* _Description of the task_:
Could every line of the listing be output exactly, with the pictures skipped?

* _Source data_:
__________________________________________________

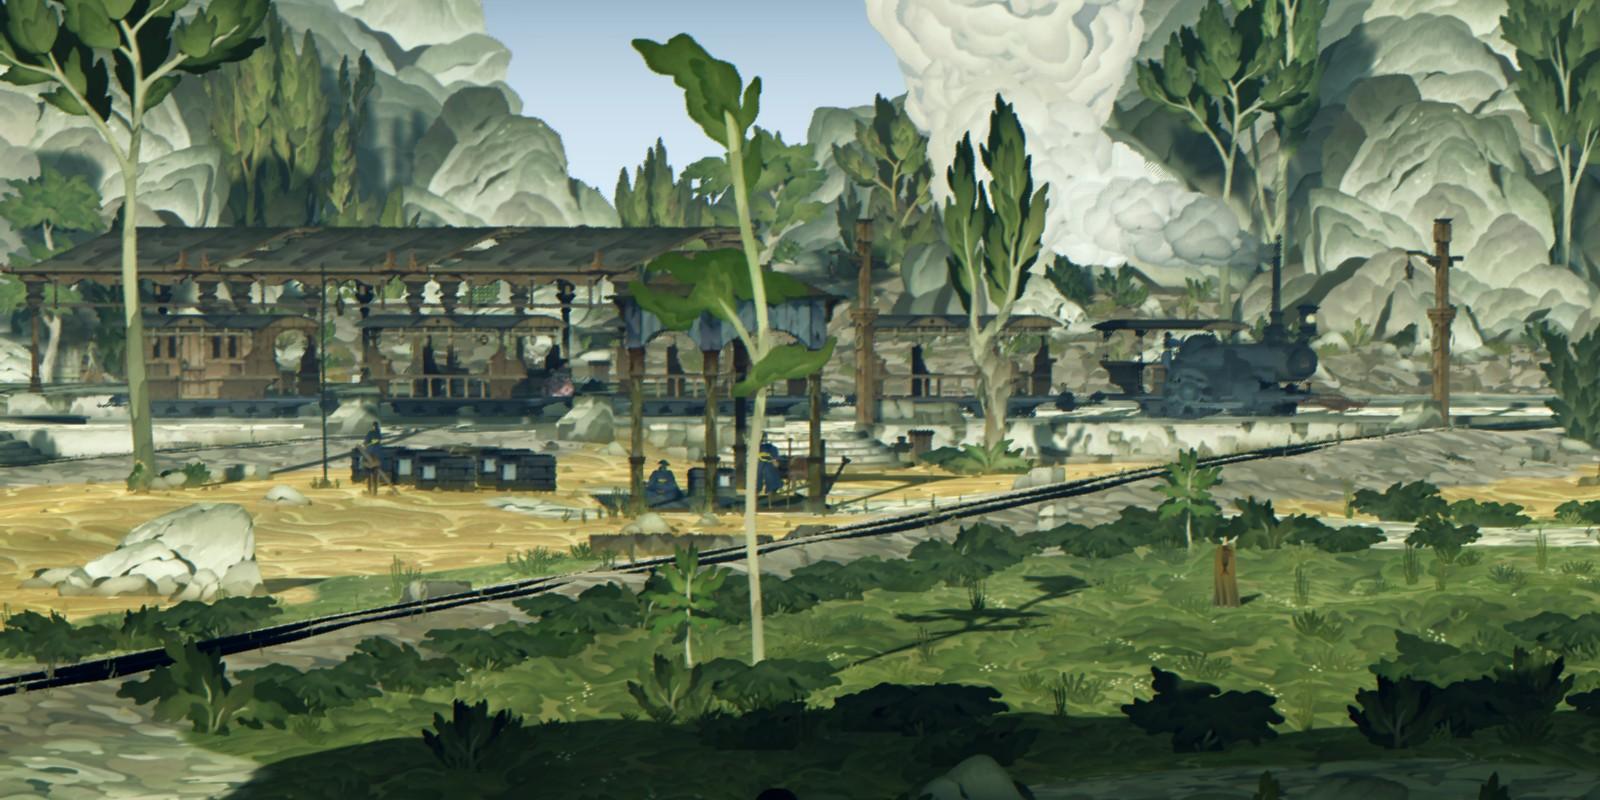 MMO-индустрия: Book of Travels перенесли на конец лета, в Crowfall скрывают онлайн, авторы Fractured обнаружили в своей игре ганкбокс
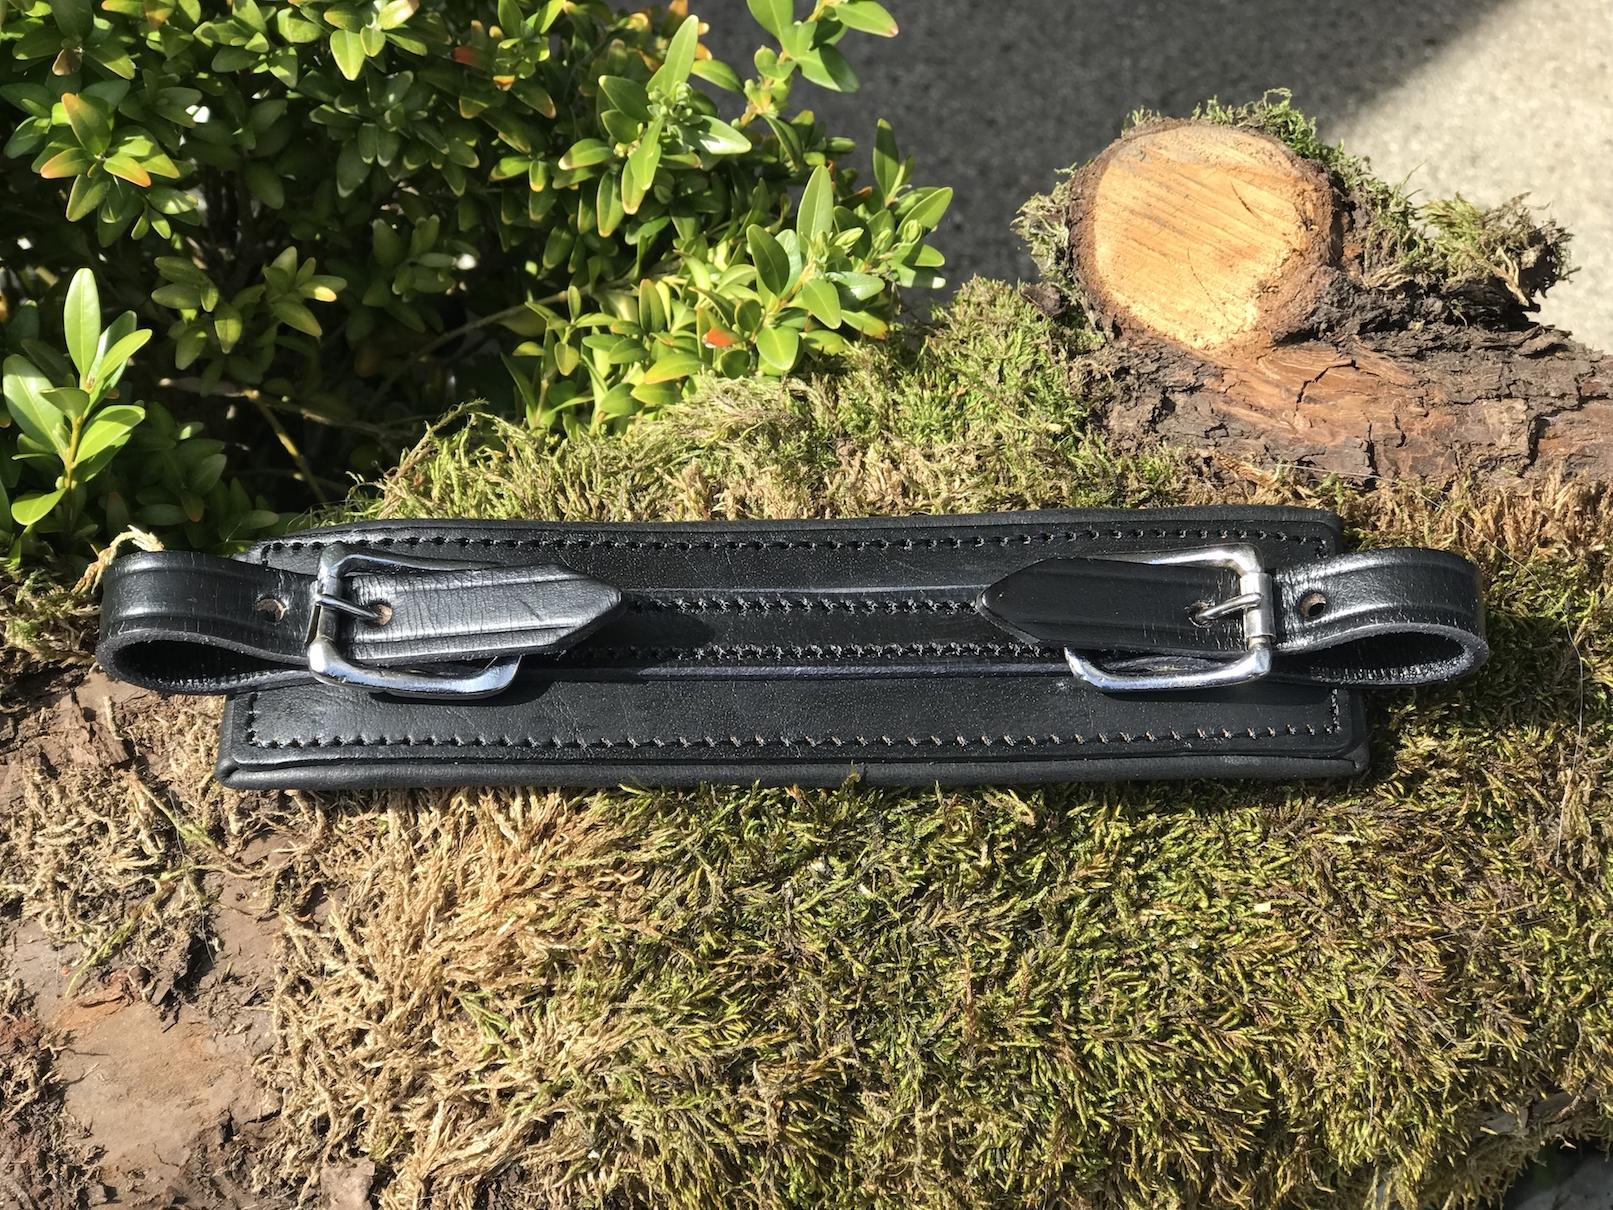 FATANO Nasenriemen für Hackamore und Gebissloses Reiten Leder schwarz 5031
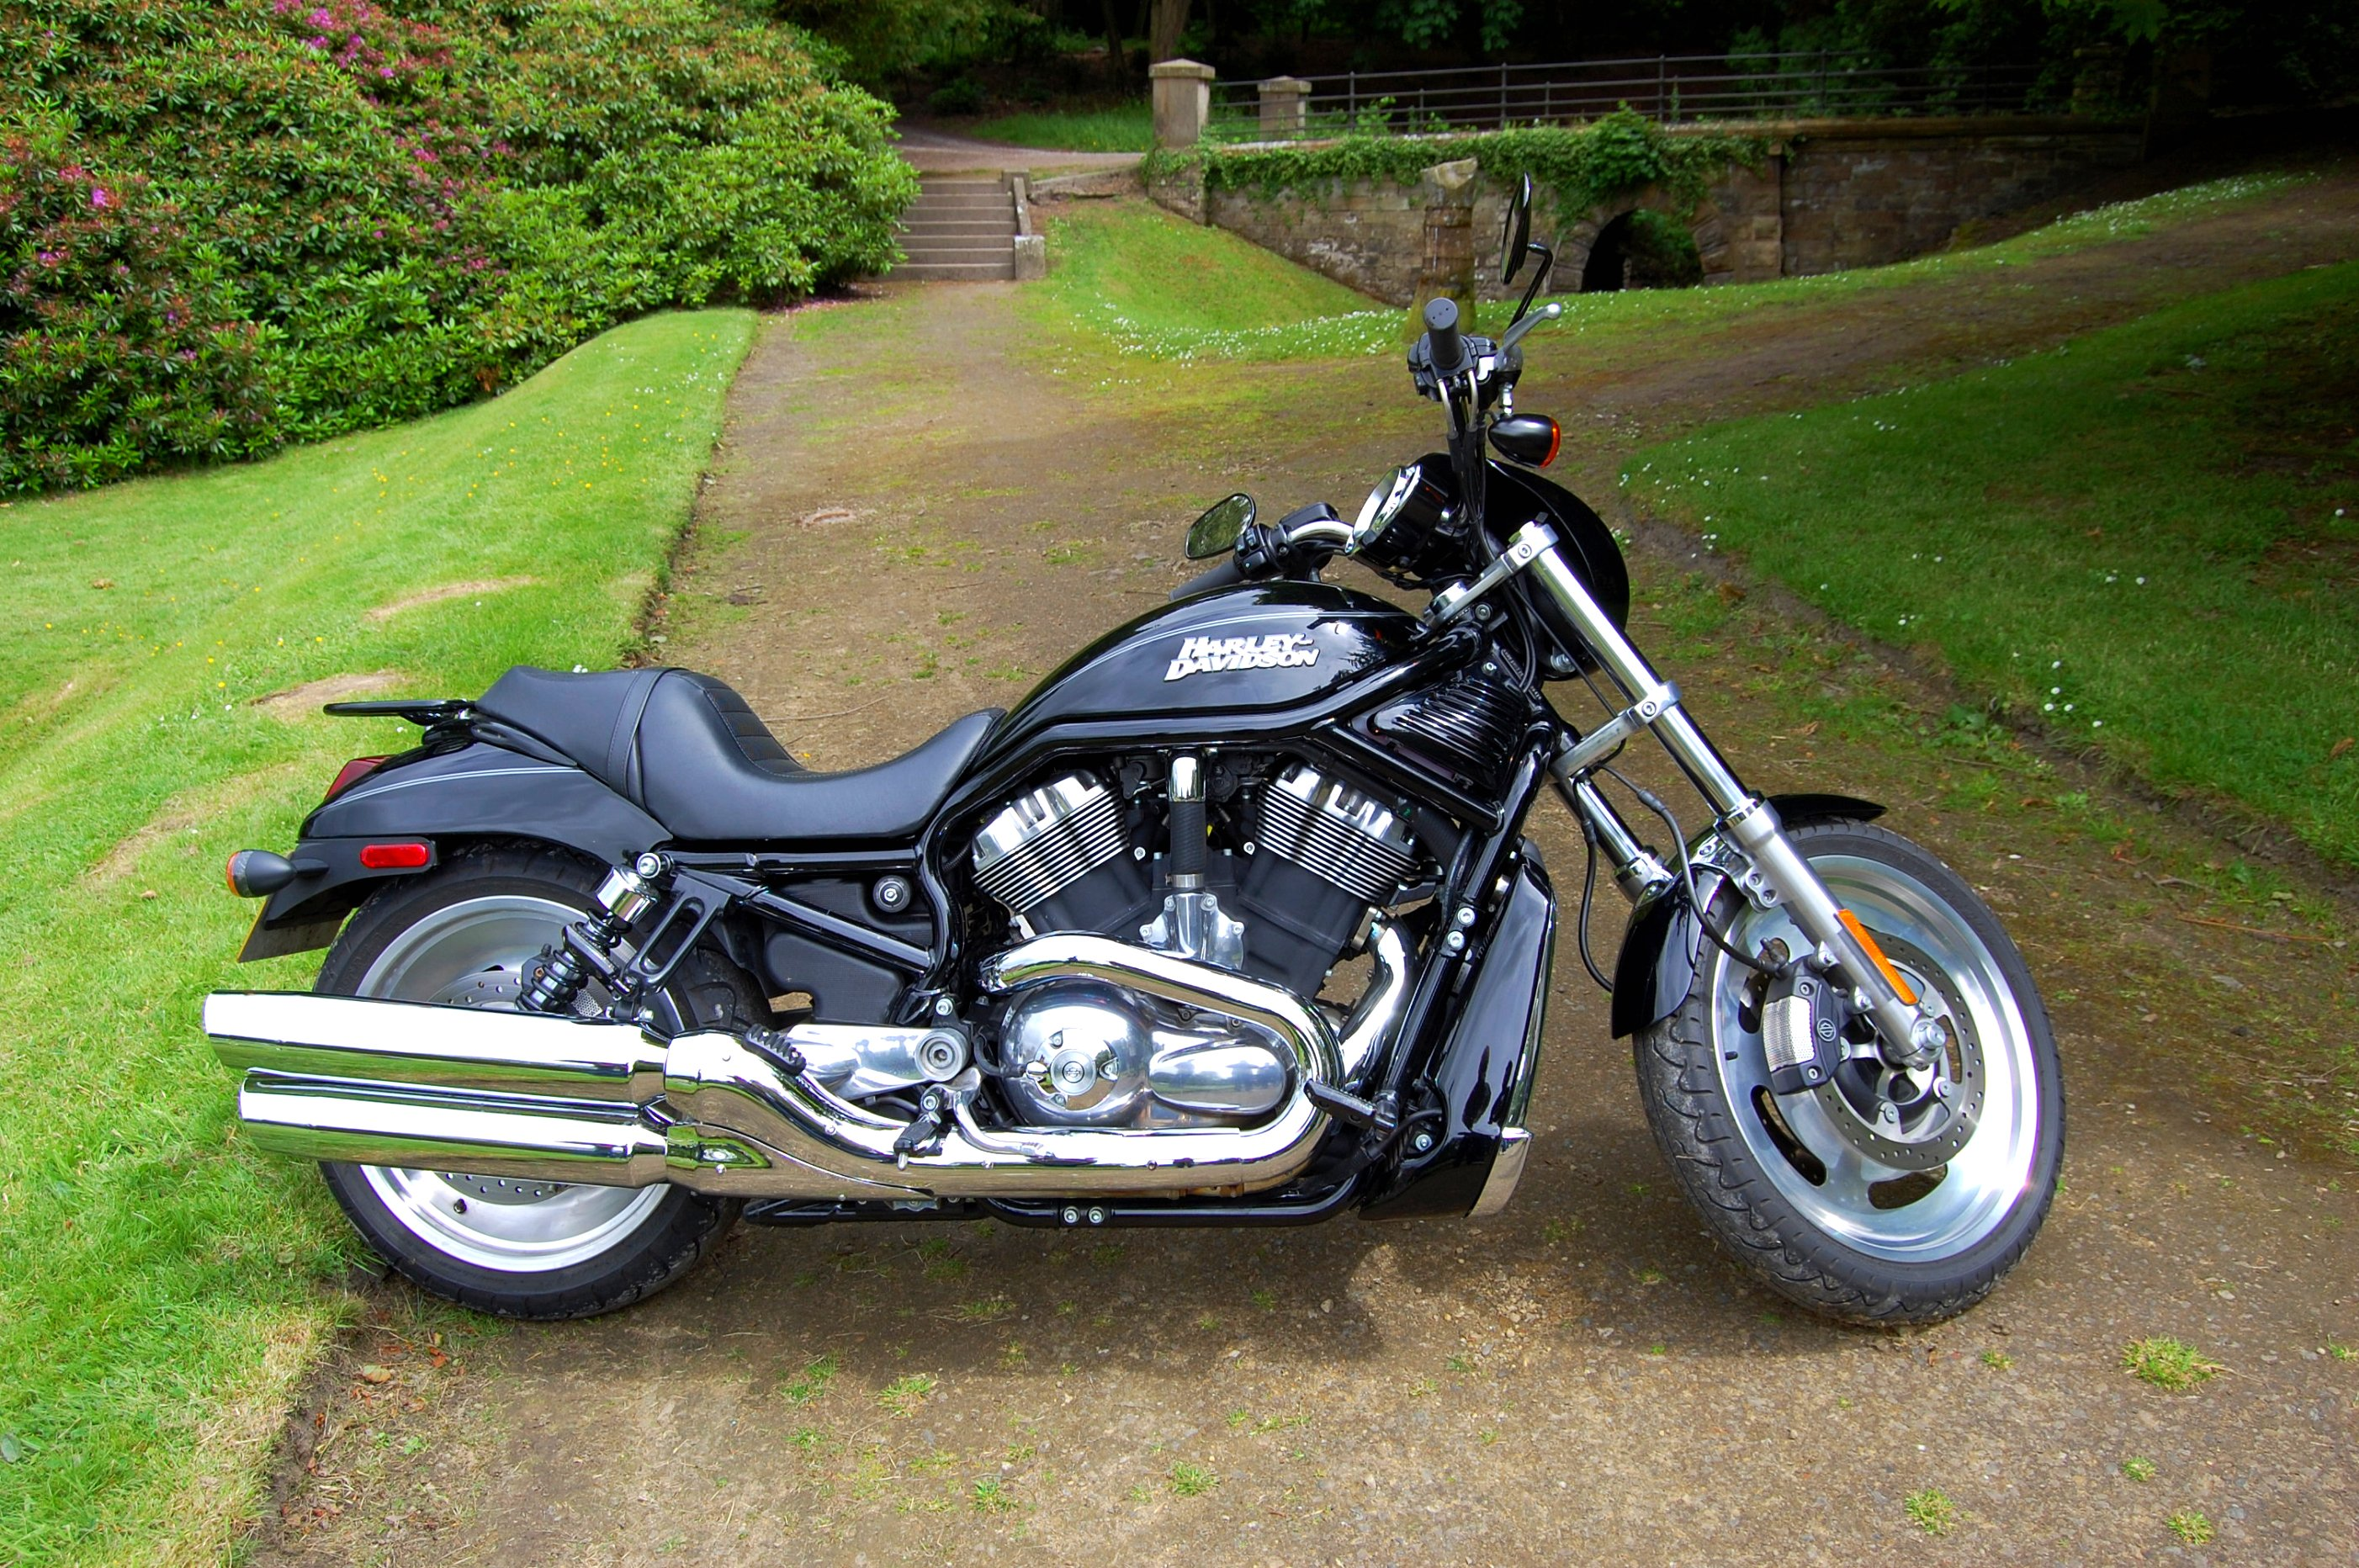 Harley Davidson Usa: HARLEY- DAVIDSON. VRSC 1250 CC. V TWIN. USA.
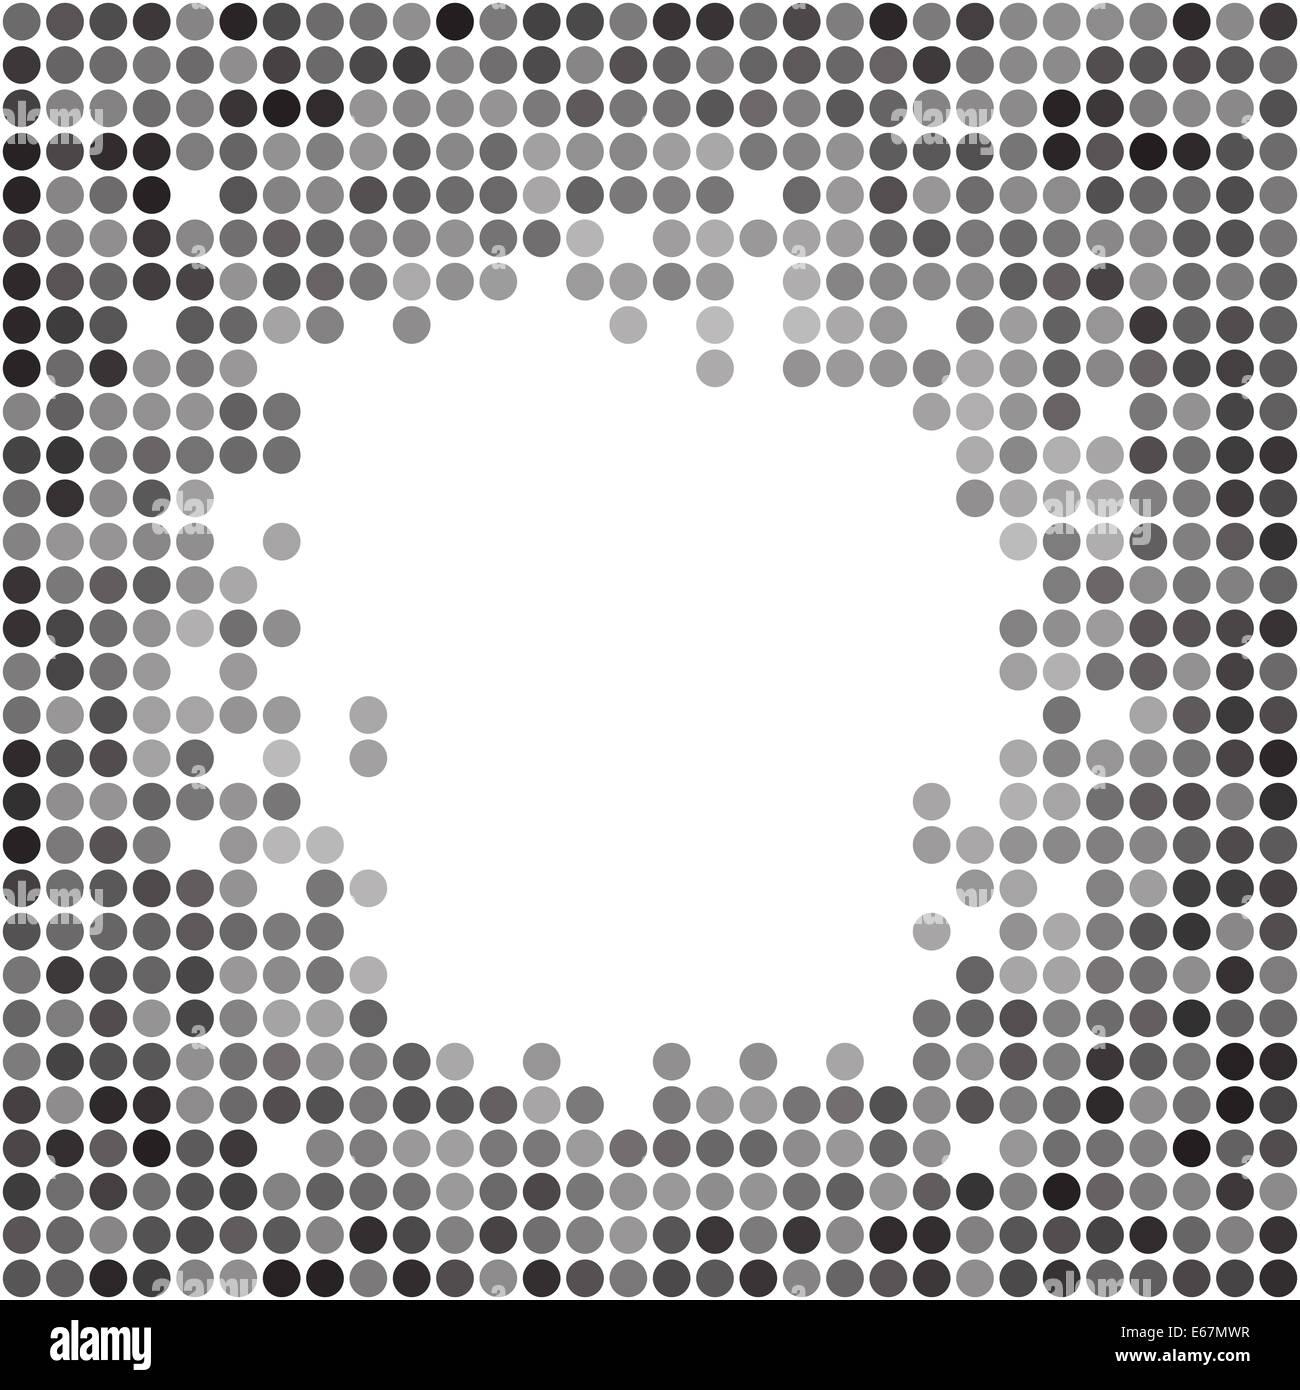 Gepunktete Graustufen Hintergrundtextur abstrakt Stockbild

__________________________________________________

* _Response to this task_:
 MMO-индустрия: Book of Travels перенесли на конец лета, в Crowfall скрывают онлайн, авторы Fractured обнаружили в своей игре ганкбокс
 FATANO Nasenriemen für Hackamore und Gebissloses Reiten Leder schwarz 5031
 Harley Davidson Usa: HARLEY- DAVIDSON. VRSC 1250 CC. V TWIN. USA.
 Gepunktete Graustufen Hintergrundtextur abstrakt Stockbild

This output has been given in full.